═══ Information provided

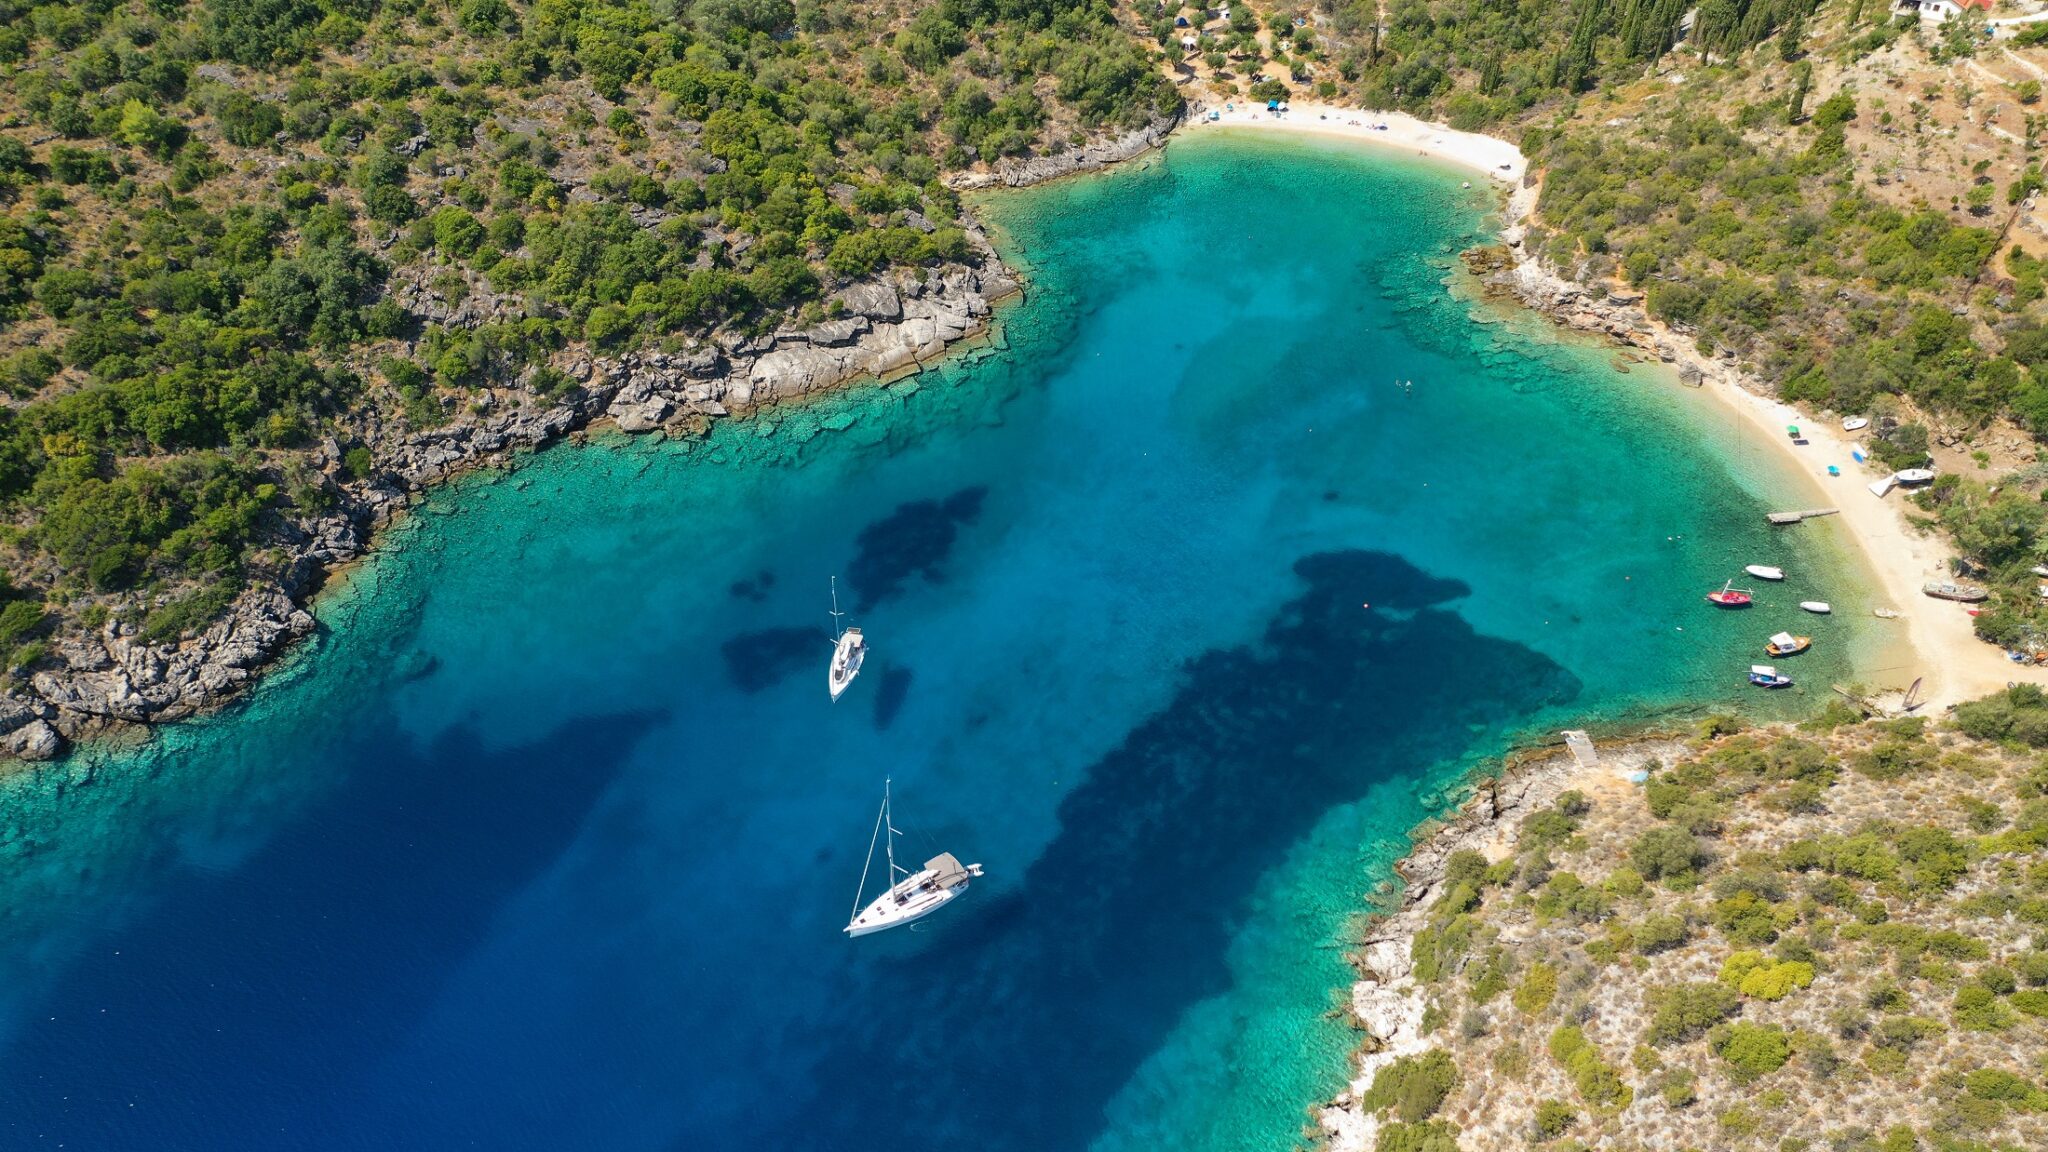 Explore the Ionian Islands visiting Corfù, Ithaca, Kefalonia with
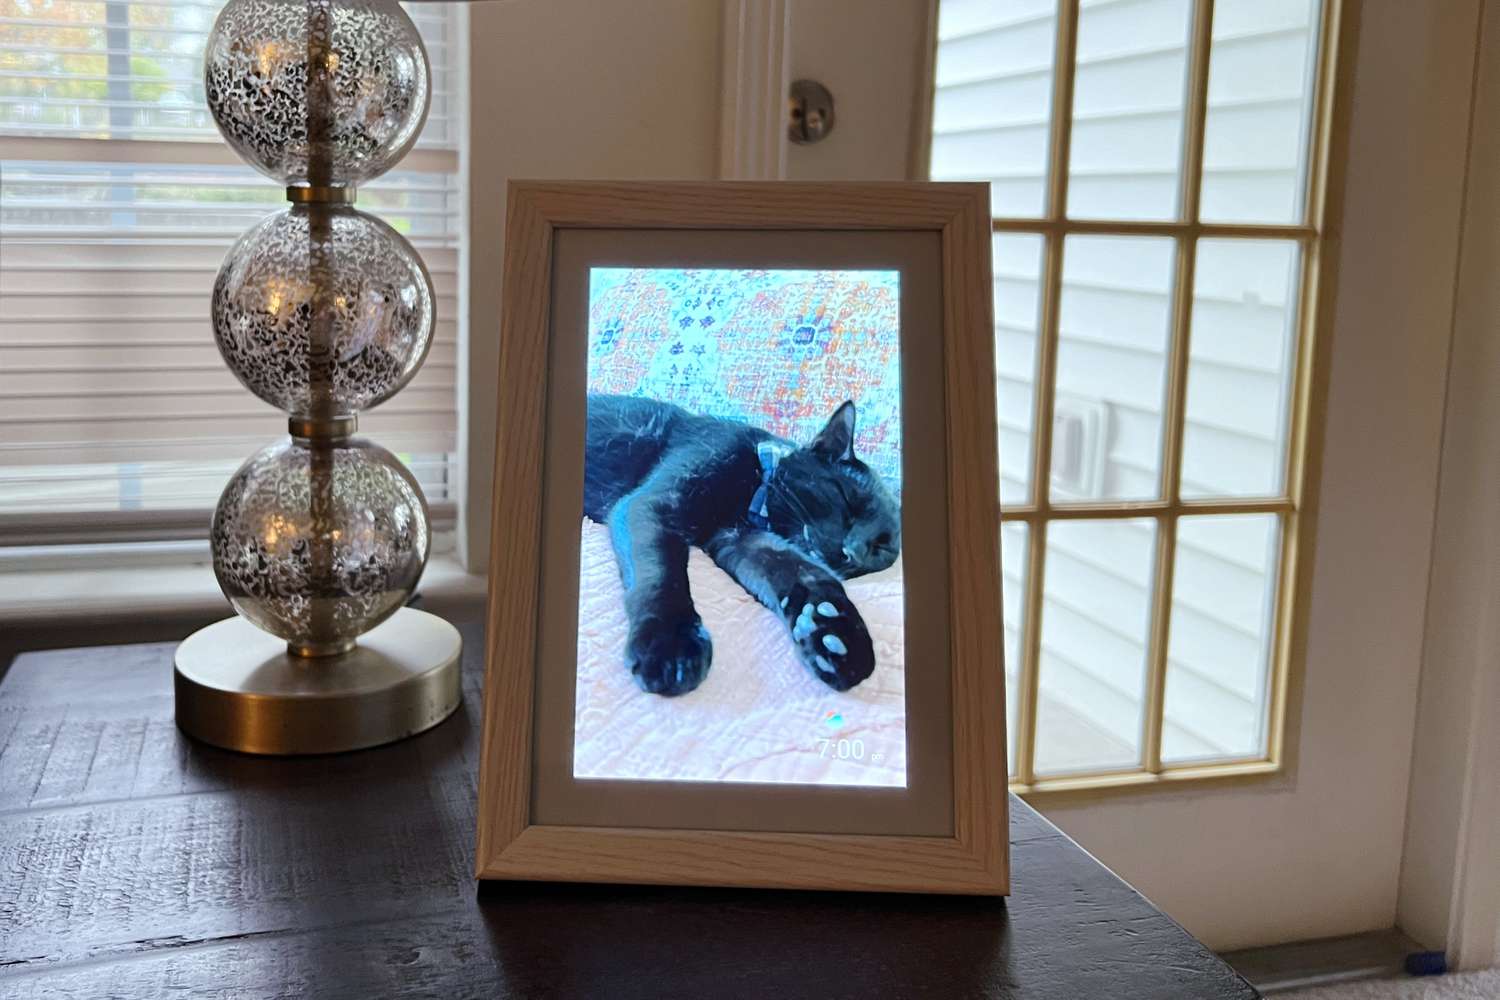 The Aeezo WiFi Digital Picture Frame in portrait mode with a picture of a cat displayed.
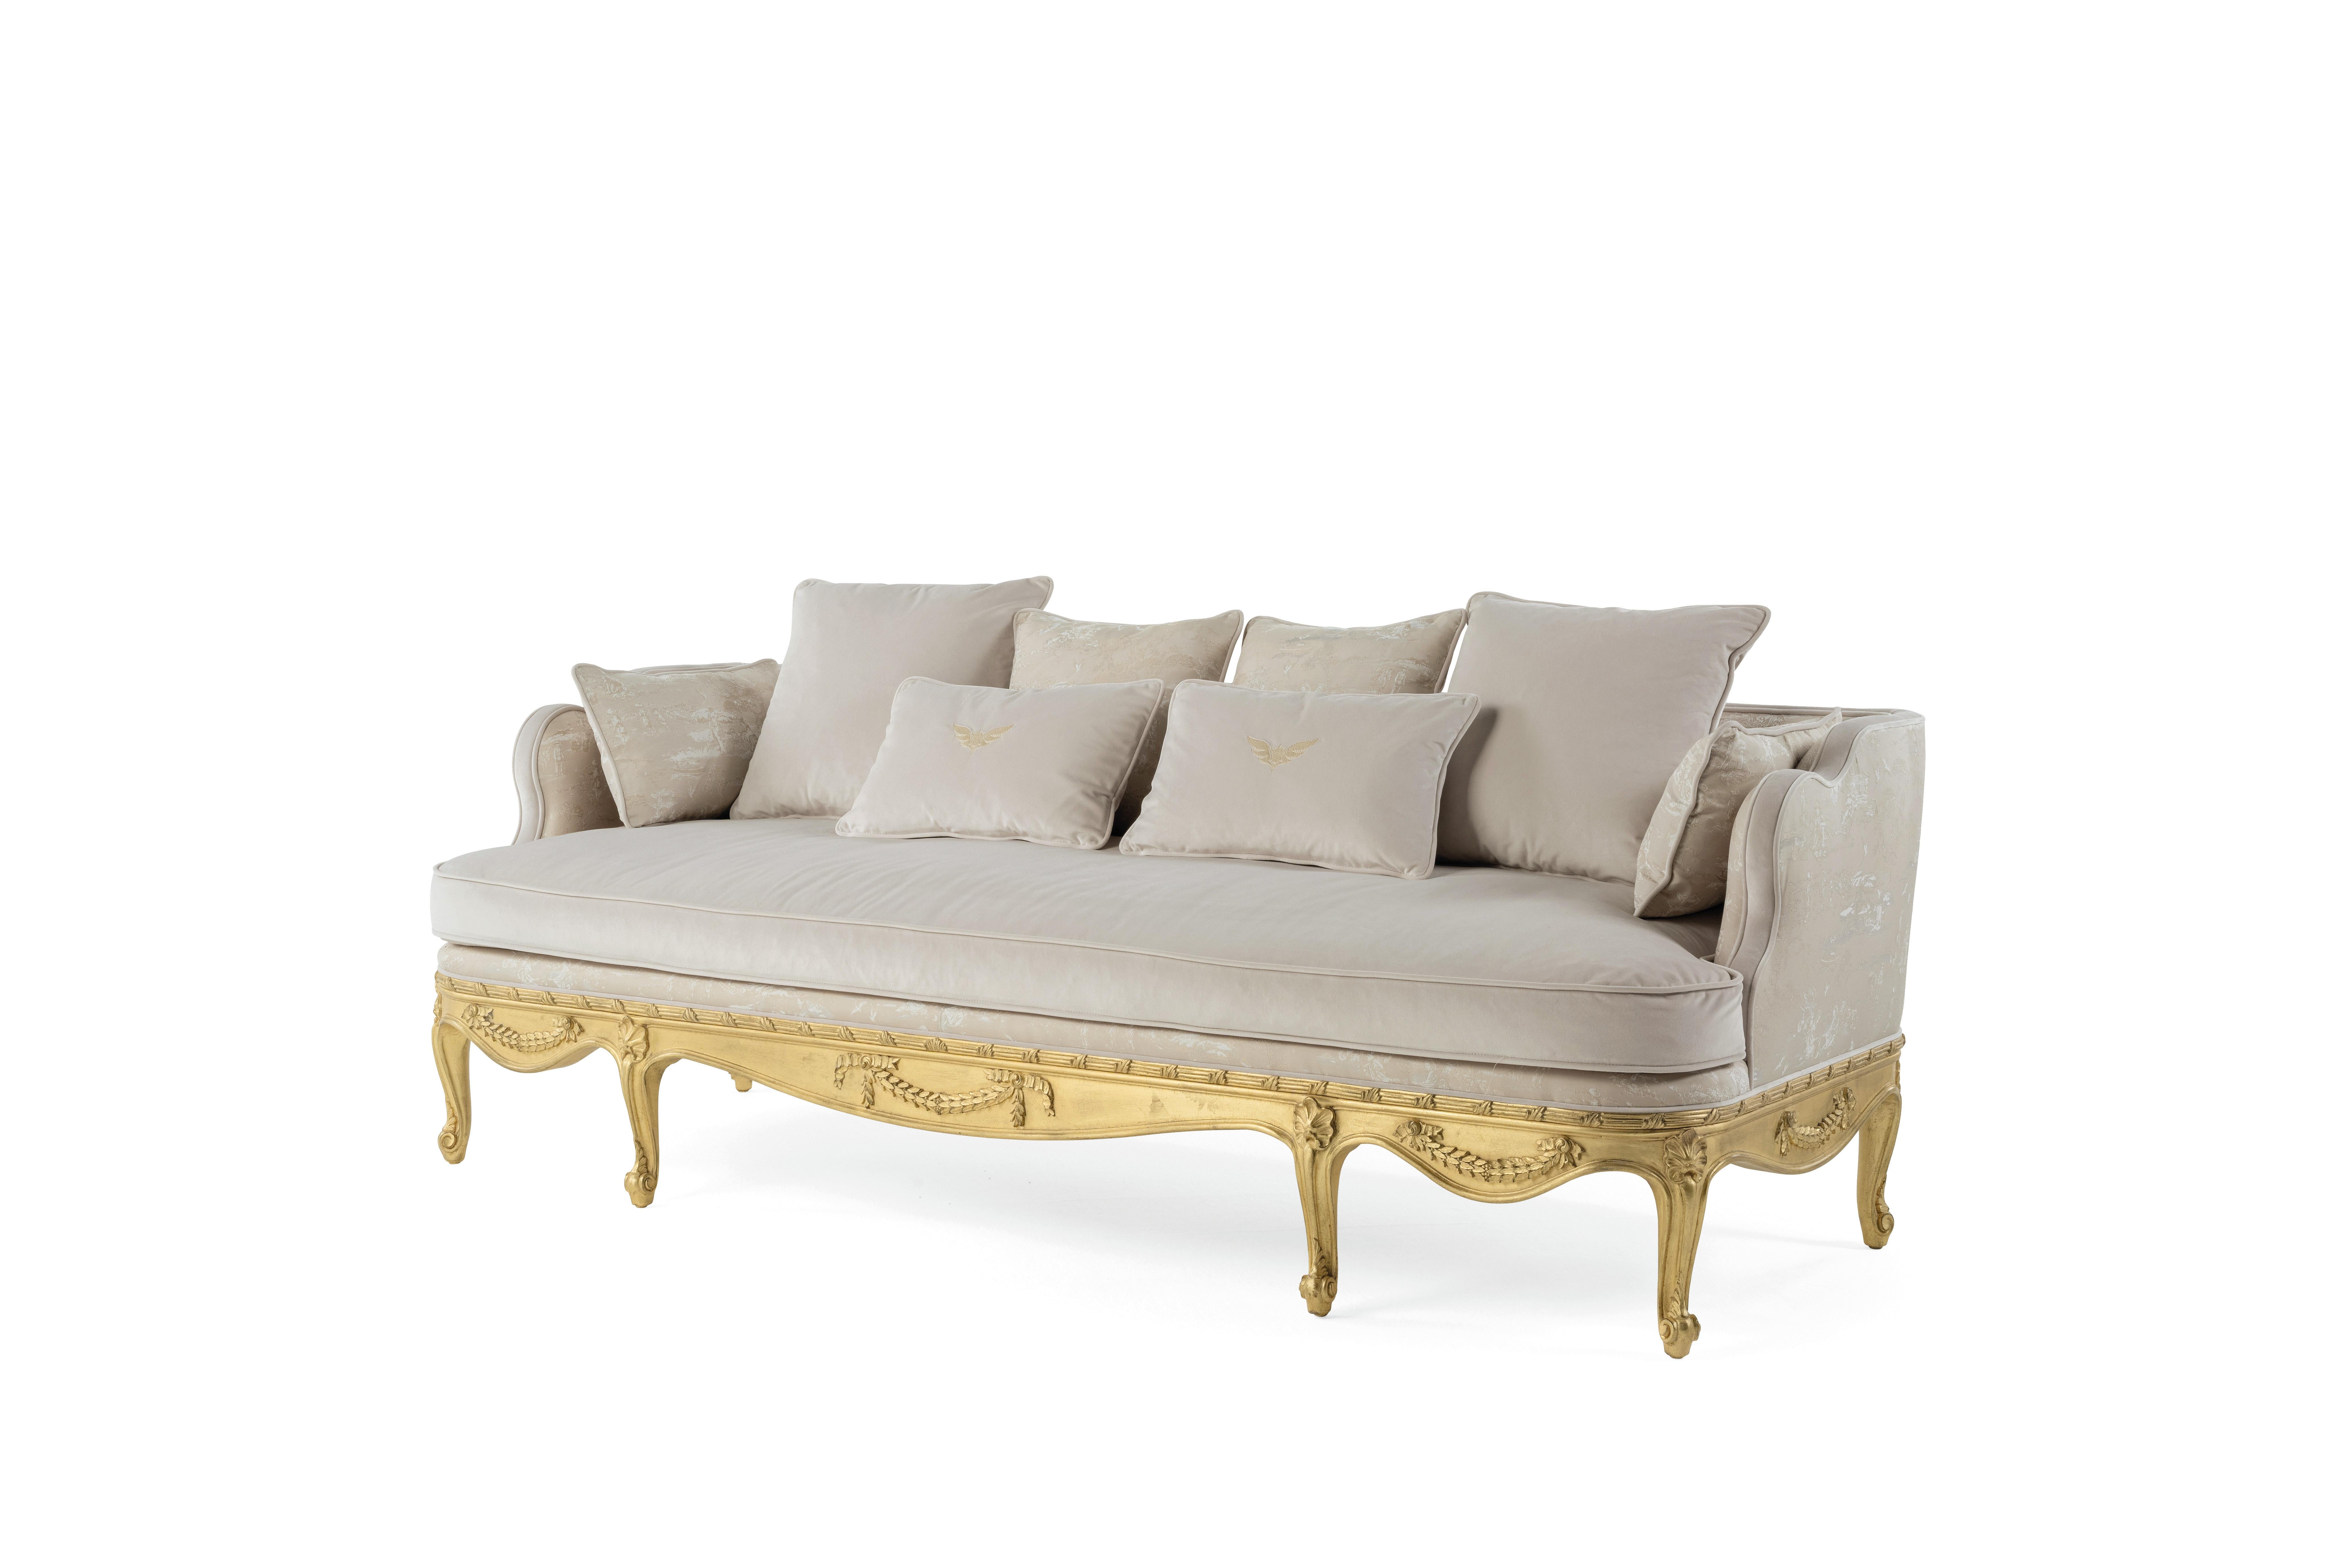 Sensual and welcoming, Verveine furniture embellishes any environment with its French flavor. In addition to the base in hand-carved wood with patinated antique gold finishing, Verveine is characterized by the complex wave-style upholstery of the

══════

* [What is needed]:
Everything in the material except the pictures should be restated word for word.

* [Written response]:
 Explore the Ionian Islands visiting Corfù, Ithaca, Kefalonia with
 The Aeezo WiFi Digital Picture Frame in portrait mode with a picture of a cat displayed.
 Sensual and welcoming, Verveine furniture embellishes any environment with its French flavor. In addition to the base in hand-carved wood with patinated antique gold finishing, Verveine is characterized by the complex wave-style upholstery of the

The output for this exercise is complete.